JOPLIN, Mo. — Two trials, almost two decades apart, both ending in the same two words: “not guilty.”  

Both had the nation holding its collective breath while the jury deliberated.  Both had millions across that same nation give a collective gasp as they came to grips with the fact that the man they all felt would be spending decades behind bars would, in the next few hours, be walking free instead.

One verdict was delivered 18 years ago this coming November, the other just four days ago.  

One was accepted as the rule of law and our nation’s judicial system at work, the other a travesty of justice for not returning the verdict invested parties wanted.

One involved a black man accused of killing two white adults, the more recent a “white Hispanic” man killing a  black teenager.
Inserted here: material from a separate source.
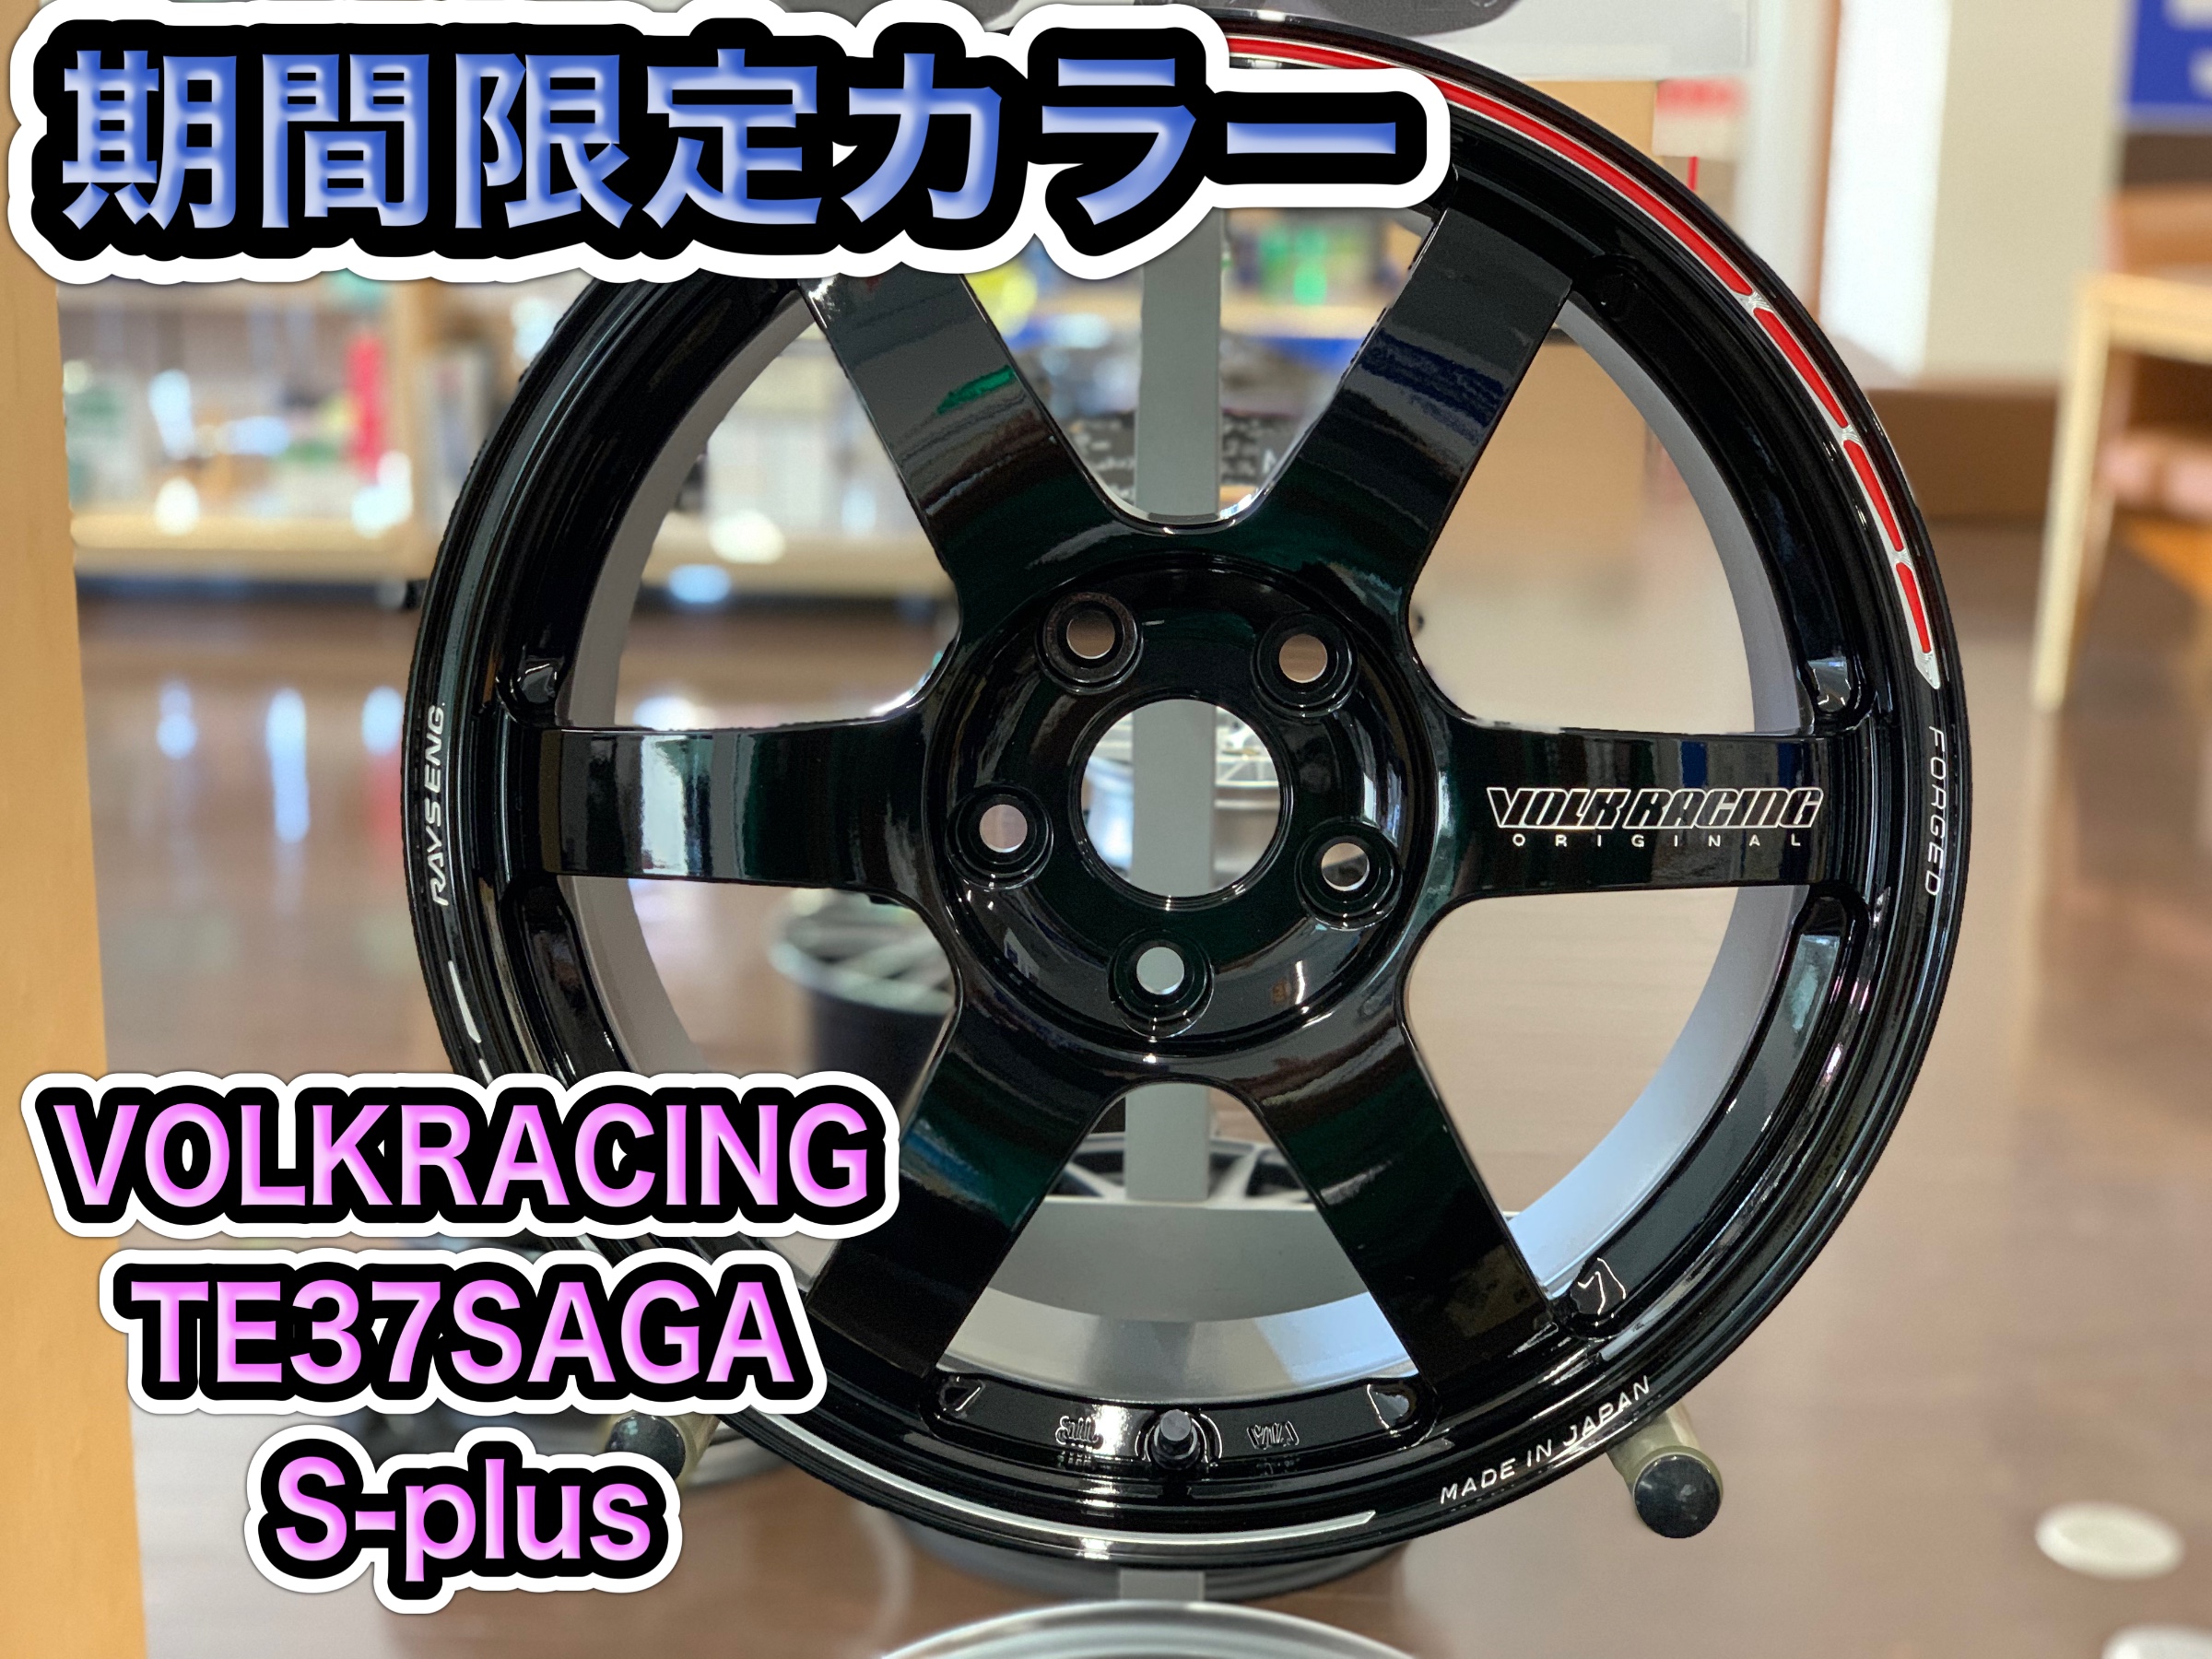 RAYS (レイズ) ボルクレーシング TE37SAGA S-plus 新商品 期間限定 ...
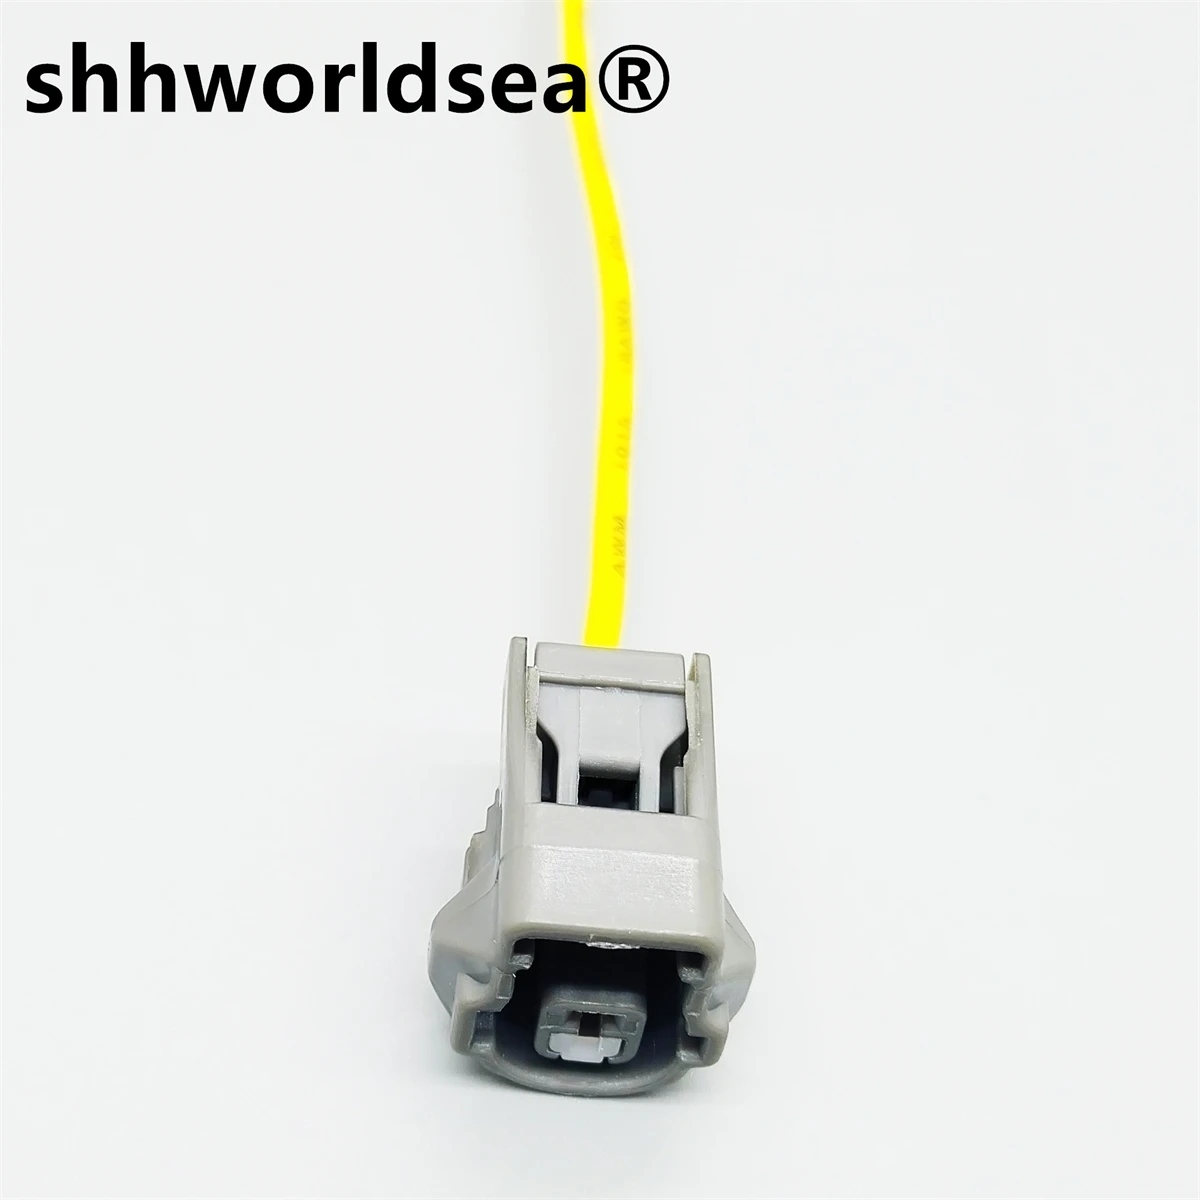 

shhworldsea 1 Pin 2.2mm Automotive Connector 2JZ Knock Sensor Car Plugs Auto Wire Plug For Toyota 90980-11166 7283-1015-10

One involved the sports superstar-turned-actor O.J. Simpson, the other a wannabe cop, George Michael Zimmerman.

Both involved the race of the accused and of the victims, but only one involved a media obsession with race.

Be it the venerable New York Times, The Associated Press, CNN or the new kids on the block HLN and MSNBC, each has pushed the narrative of Zimmerman the white aggressor against Martin the black innocent.  

For reasons still not clear, when it was revealed to the Times that Zimmerman had Hispanic heritage, he magically became a white Hispanic. So desperate were the media to keep the race narrative front and center, a new race was invented to keep it there. That such a misnomer has been so easily accepted as common nomenclature (AP and CNN both are also now using the term) speaks volumes to agenda-driven media.

There is no denying that race is still a major issue in American society today, yet how much of that issue is being exploited for profit by the very same media that claim to lament it?

Does anyone truly believe that MSNBC gave Al Sharpton (of Tawana Brawley, Crown Heights, Duke lacrosse team fame) his own show to further a national discussion on race?

If the Zimmerman trial has taught us anything, it is that, in the minds of far too many network and newsroom executives, there is no better news than race news. And though race news may not be good news — or as in the Zimmerman case not even true news — it is most certainly profitable news.

In less time than Trayvon Martin spent upon this earth, our national media went from reporting on a trial (if it doesn’t fit, you must acquit) to molding it (white-Hispanic Zimmerman “profiled” from the beginning).

So as you watch all those calls for justice and demands that the federal government try Zimmerman on civil rights violations, take pause and ask yourself: Are the media reporting the story? Or are the media driving it ... all the way to the bank?  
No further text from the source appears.